TLDRIn this Kasucast episode, the creator explores the use of stable diffusion and textual inversion for generating stylized character concept art. They demonstrate the process of training a new embedding with a blend of waifu diffusion 1.2 and stable diffusion 1.4, using a curated dataset of fantasy art influences. The video showcases live training, image pre-processing, and the application of various prompts and settings to achieve a desired character design. The creator also discusses the use of loopback to refine images and incorporates post-processing techniques in Photoshop to finalize the artwork, offering viewers a comprehensive guide to leveraging AI in character design.

Takeaways

  • 🎨 The video demonstrates how to use stable diffusion for creating stylized character concept art.
  • 🔍 The presenter has been experimenting with stable diffusion and shares finished pieces to gauge viewer interest.
  • 🆕 Automatic1111 repository has updated with a textual inversion tab, streamlining the process.
  • 🌐 The presenter trains a new embedding using a combination of waifu diffusion 1.2 and stable diffusion 1.4.
  • 👩‍🎨 The training data includes a curated set of images from various artists and styles that the presenter admires.
  • 📝 The presenter details the process of creating a custom checkpoint by merging different models in Automatic's web UI.
  • 🖌️ Textual inversion is used to train the model with specific style preferences, such as 'my favorite fantasy artists'.
  • 🎭 The video includes a live demonstration of the training process and the generation of character artwork.
  • 🖥️ Photoshop is utilized to refine the generated images, adjusting details like lighting and facial features.
  • 🔧 The presenter discusses the use of settings like loopback, CFG scale, and denoising strength to control image generation.
  • 🎨 Final image adjustments include using filters and plugins to add painterly effects and focus on key image areas.

Q & A

  • What is the main focus of Kasucast #7?

    -The main focus of Kasucast #7 is using stable diffusion and textual inversion to create stylized character concept art.

  • What update to the automatic 1111 repository is mentioned in the video?

    -The automatic 1111 repository was updated with the textual inversion tab, which was previously not integrated.

  • Which models does the presenter train the embedding on?

    -The presenter trains the embedding on a combined version of waifu diffusion 1.2 and stable diffusion 1.4.

  • What is the purpose of creating a textual inversion embedding?

    -The purpose of creating a textual inversion embedding is to capture the style of favorite fantasy artists to use in generating character artwork.

  • What is the role of the initialization text in the process?
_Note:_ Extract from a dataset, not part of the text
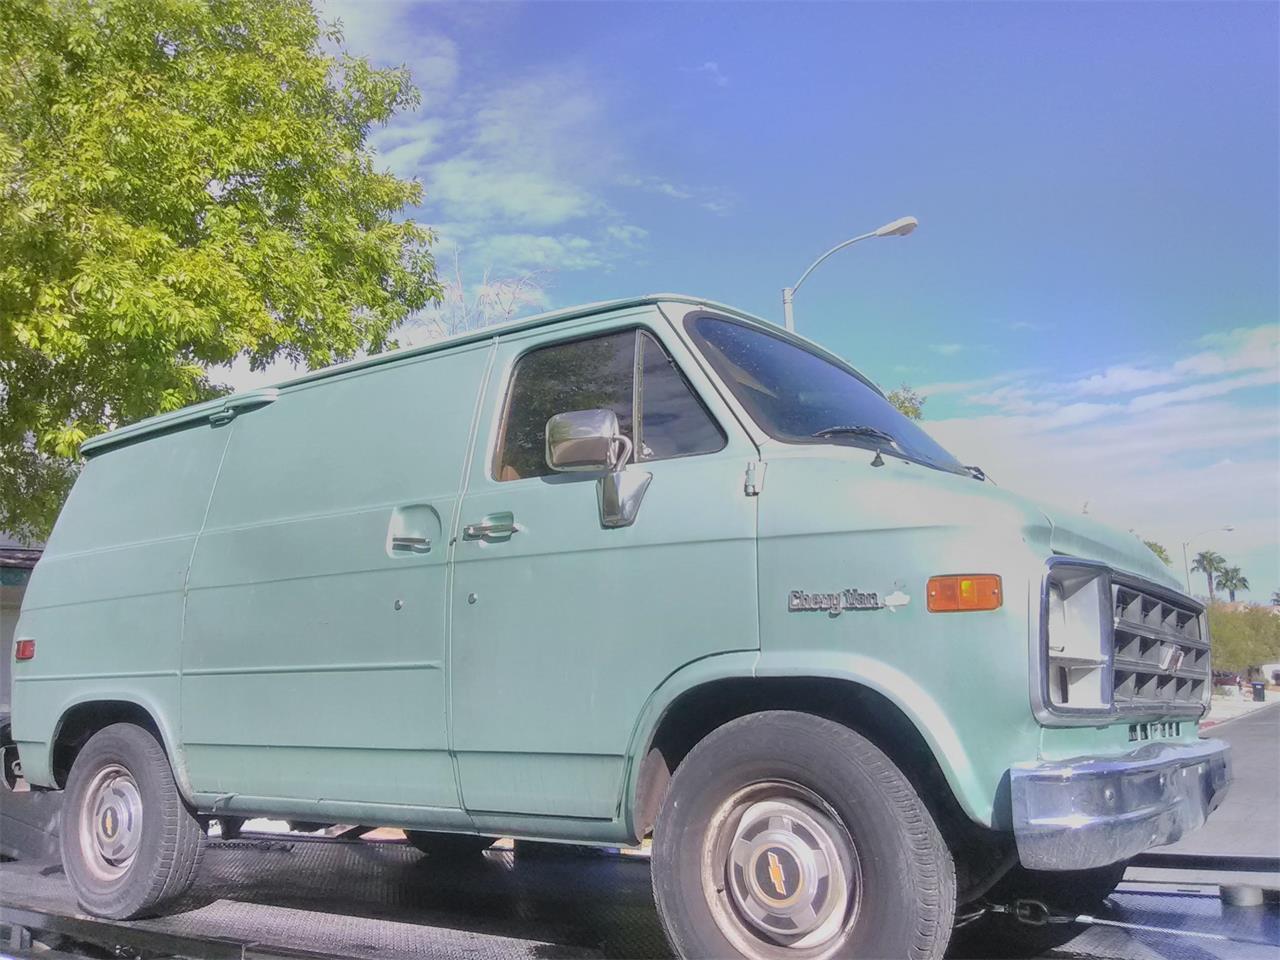 1979 Chevrolet Van For Sale Classiccars Com Cc 1190098

    -The initialization text, such as 'female character' and 'fantasy character design', helps guide the style of the generated artwork.

  • What is the significance of the data set used for training?

    -The data set used for training includes art from various artists that the presenter admires, which influences the style of the generated character art.

  • How does the presenter create a custom checkpoint or model?

    -The presenter creates a custom checkpoint or model by using the checkpoint merger tool in automatic's web UI, merging standard diffusion 1.4 and waifu diffusion 1.3 with an interpolation amount of 0.5.

  • What is the purpose of the prompt template file in the training phase?

    -The prompt template file assists the textual inversion training phase by directing the style, such as 'a portrait in this style', which helps the model understand the desired artistic direction.

  • What is the significance of the loopback setting in the generation process?

    -The loopback setting takes the output of one image generation and feeds it back into the image-to-image process with the same prompts, allowing for iterative refinement of the image.

  • How does the presenter refine the generated images in Photoshop?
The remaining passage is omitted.